On-line the situation is no different. Indeed, many phenomena of this kind have really been boosted by the power of viral marketing. Let us take just one example which is probably familiar to many – “The Secret”, a self-help film produced in 2006 by one Rhonda Byrne. The wikipedia article is here. The central message is that believing in yourself sets in motion a positive dynamic which becomes self-reinforcing, leading to happiness and success – a cosmic law dubbed the “Law of Attraction”. Another classic of this genre is Napoleon Hill’s Think and Grow Rich, an all-time bestseller, published, astonishingly, in 1937 and still hugely influential today.

I first encountered this phenomenon within what was then called the “house church movement” in the 1980’s. This neo-Pentecostal movement was in its origins quite ascetic, but became increasingly, and to my horror, pervaded by quite different notions coming from the American “TV evangelists”. God wanted you to be rich and successful and, if you weren’t, it was only that your faith was insufficient for the task. (This doctrine never sat well with the evangelical precept of saving grace, but seemed subjectively appealing to many because it chimed with their self-doubt and perception that there had to be a “quantitative” element to salvation, a notion of course familiar to Catholics and Orthodox).

In its secular form of the Law of Attraction, I believe it expresses, albeit very crudely, something quite true, but at the same time it misses something equally fundamental.

What is true is expressed in the popular adage “success breeds success” and has been identified by many teachers. Jesus is reported, somewhere in the gospels, as saying “to he who has, more shall be given; but to he who has not, even what he has shall be taken away from him”.

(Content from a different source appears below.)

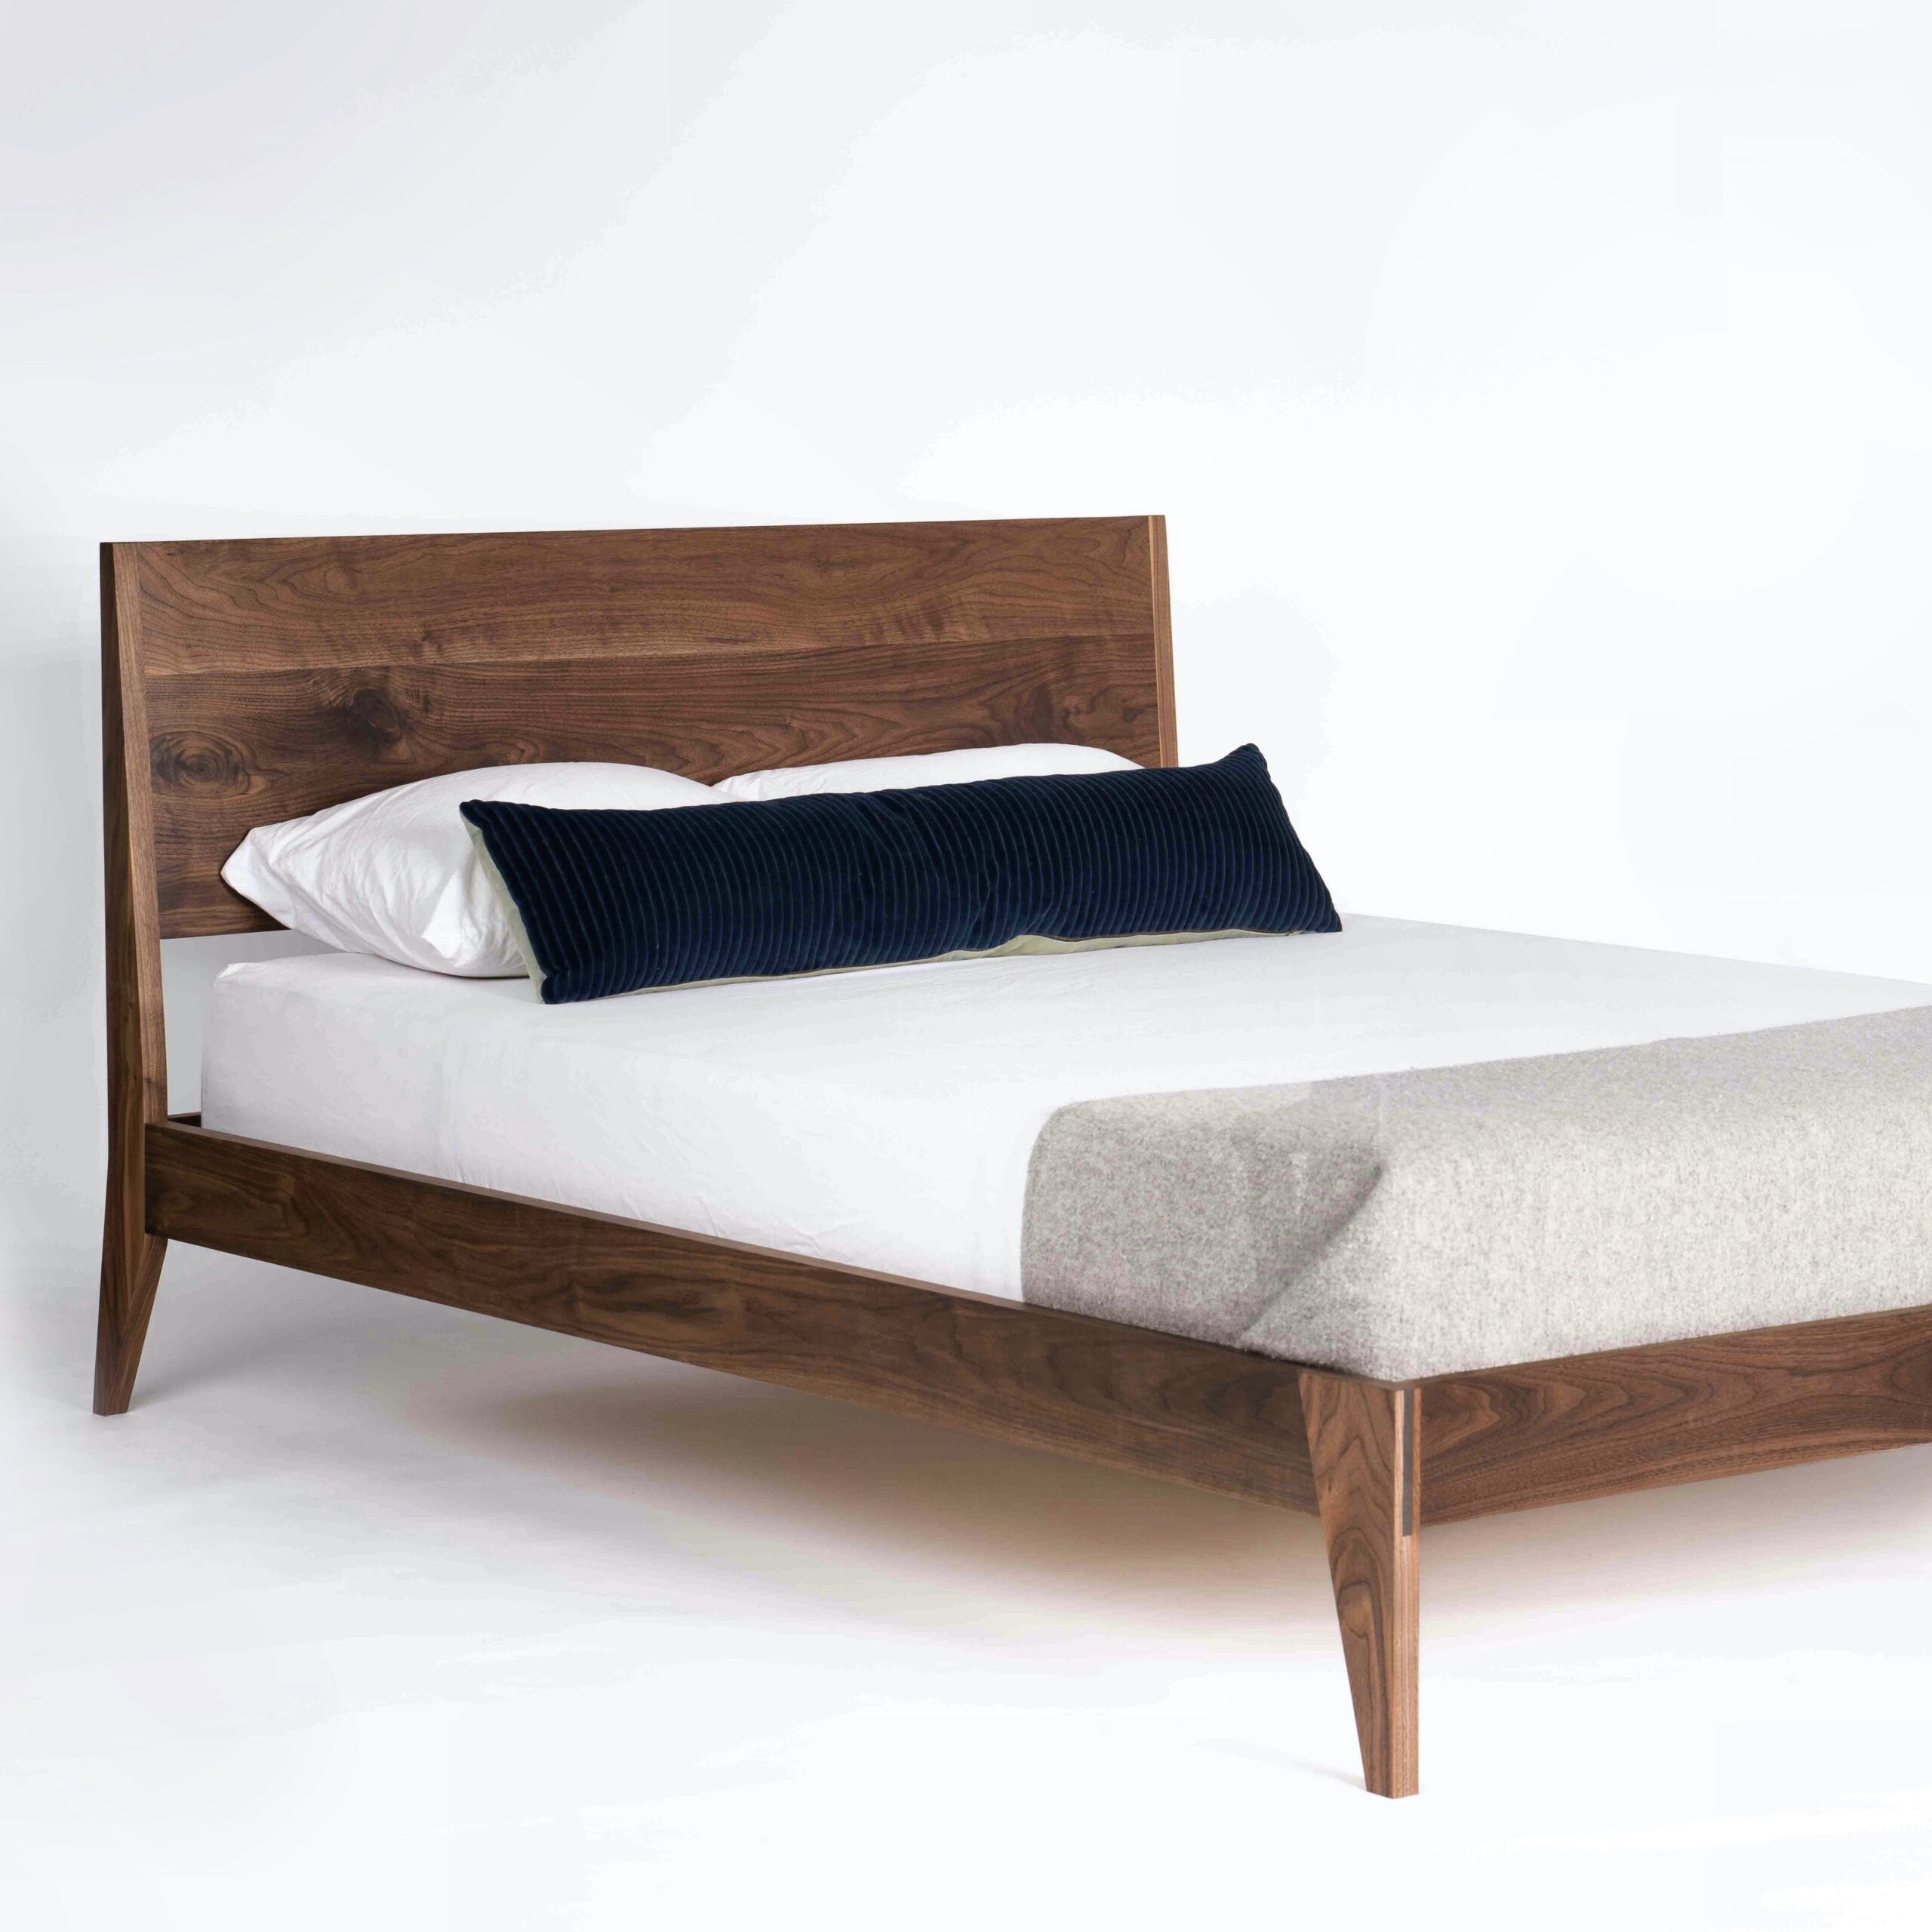 A simple all solid walnut bed with a mattress and pillows on it. Mortise and tenon joinery used at the footboard.

Funnily enough, though, few if any of the real spiritual teachers I can think of ever ended their days in wealth and comfort; and Jesus himself was crucified. So what’s going on? Was Jesus just talking of “spiritual wealth”, perhaps, something quite different from, and perhaps opposed to, worldly riches?

Of course Jesus did indeed call on people to forego worldly riches on occasion, though only when an obstacle to spiritual growth. Still, I do not think that spiritualizing perfectly down-to-earth utterances is a proper hermeneutic. Rather, the “Law of Attraction” itself implies a duality of destinies, paths either up or down, virtuous or vicious circles. Not only does success breed success, but failure begets failure. This duality is found back, equally, in the salvation doctrines of probably all world religions (though it may be a somewhat simplistic framework within which to interpret the soteriology of Buddhism or some nature-religions, paganism, Shamanism and so forth, which also suggests it may have a lot to do with the role of institutionalized religions in legitimizing the established social order).

This “either-or” of destiny implies that there are two communities and two poles to which individuals gravitate – a pole of success and a pole of failure. Strictly speaking, there is a “Law of Attraction” at work at both ends; and the closer you are to one, the more difficult to break out of its gravitational field into that of the other. Between the two, though, there is also a “Law of Repulsion”. Individuals gravitating towards the upper pole find themselves spending more time with others who are on the same path, and separate out from them by a process of reverse osmosis. This process is analogous to the processes of self-organization giving rise to order in the cosmos notwithstanding the tendency to entropy expressed by the second law of thermodynamics. On the side of those to whom fate has been less lucky, who are in the vast majority, envy and anger develop and are directed towards those more fortunate. For this reason, prophets, even if they seed a new level of consciousness in the human spirit, are almost always martyrs.